When we lived in the heart of Minneapolis, I had a membership at Costco. I’d drive a long way, spent more than I should’ve on things I normally wouldn’t buy, bought my prescriptions, had photos developed, got ink for my printer, could buy a car if I wanted to and thought it was the ideal place to save money. My yearly membership fee reminded me of that.
When we moved to small town, Minnesota I discovered there was a Costco only two miles from our house. I could go there for a free lunch if I wanted by tasting all the samples. That first year I managed to stock up on things that I still have three years later. Since we downsized I no longer have room for all the accumulated “good” deals, so I reluctantly failed to renew my membership. It’s been a couple years now and I feel I’m finally cured of wholesale shopping mania. It can become an addiction of sorts.
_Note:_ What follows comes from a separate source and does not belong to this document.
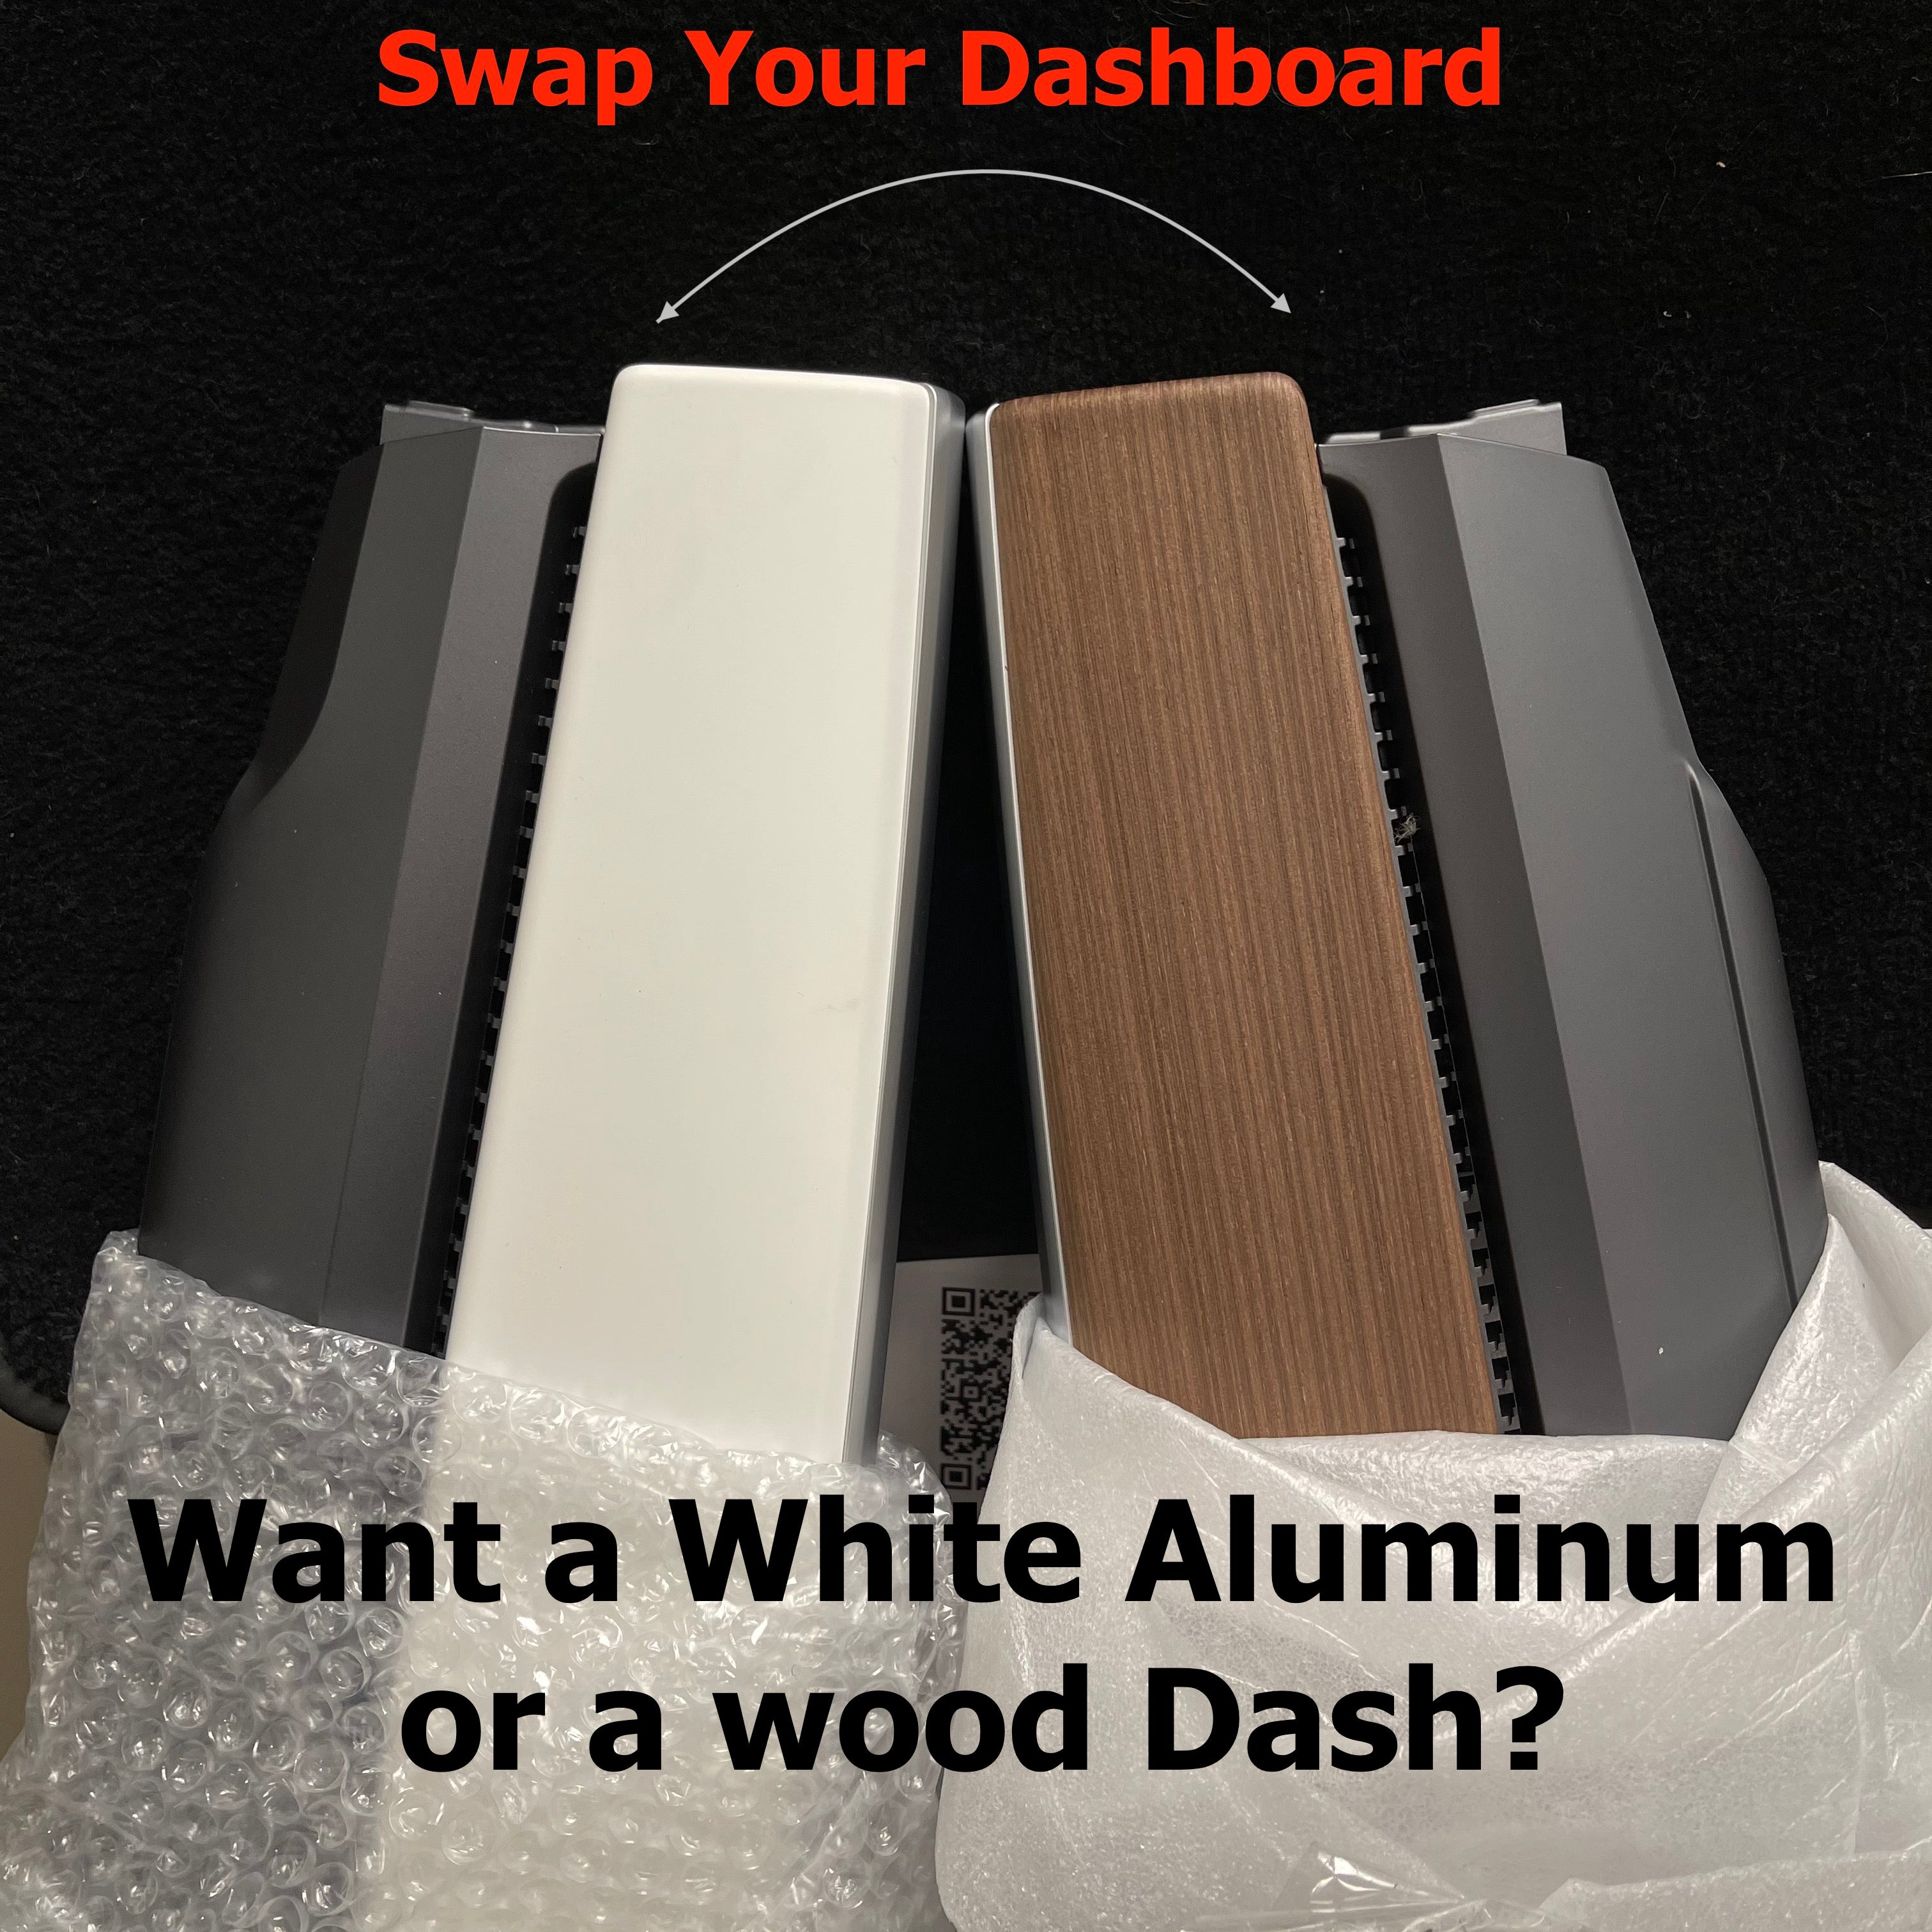 Model 3 & Y Dashboard & Door Panel Swapping Program - Swap Wood to Whi

I still have two large jars of coconut oil, just finished off the final can of a giant, economy sized Pam and really miss going through the store and testing all the nifty food choices. I’m over it though – really.
When you retire there isn’t a huge need for a lot of anything, except perhaps toilet paper. First you’re purchasing a membership, which puts a strain on your fixed income. You don’t need as much as you once did since you rarely entertain. Two elderly people can only consume so much fruit in a week. The cheesecake which serves at least 40 people would instantly go to my hips, not to mention the gigantic muffins and oversized pies. Did I mention the baked gods were amazing?
I recently watched an episode of “The Golden Girls,” where the matriarch, Sophia bought a warehouse membership and went berserk buying cases of items she wouldn’t be able to use in two lifetimes. The episode ended with her making dinner one night. It was a sardine casserole covered with crunched up oatmeal cookies – a lot of it.
I have a theory that our society is headed for cocooning in the future. We’re almost there in fact. We work at home. We shop and order meals to have them delivered to us. Our prescriptions can be mailed to us. If you have a warehouse shopping card, you only have to shop once every three years. You can get an education online as well as go to church. You can even study the Bible on your phone – there’s an app for that. You won’t have to interact with anyone face to face except for those who deliver things to you. Praise God I won’t live to see that day.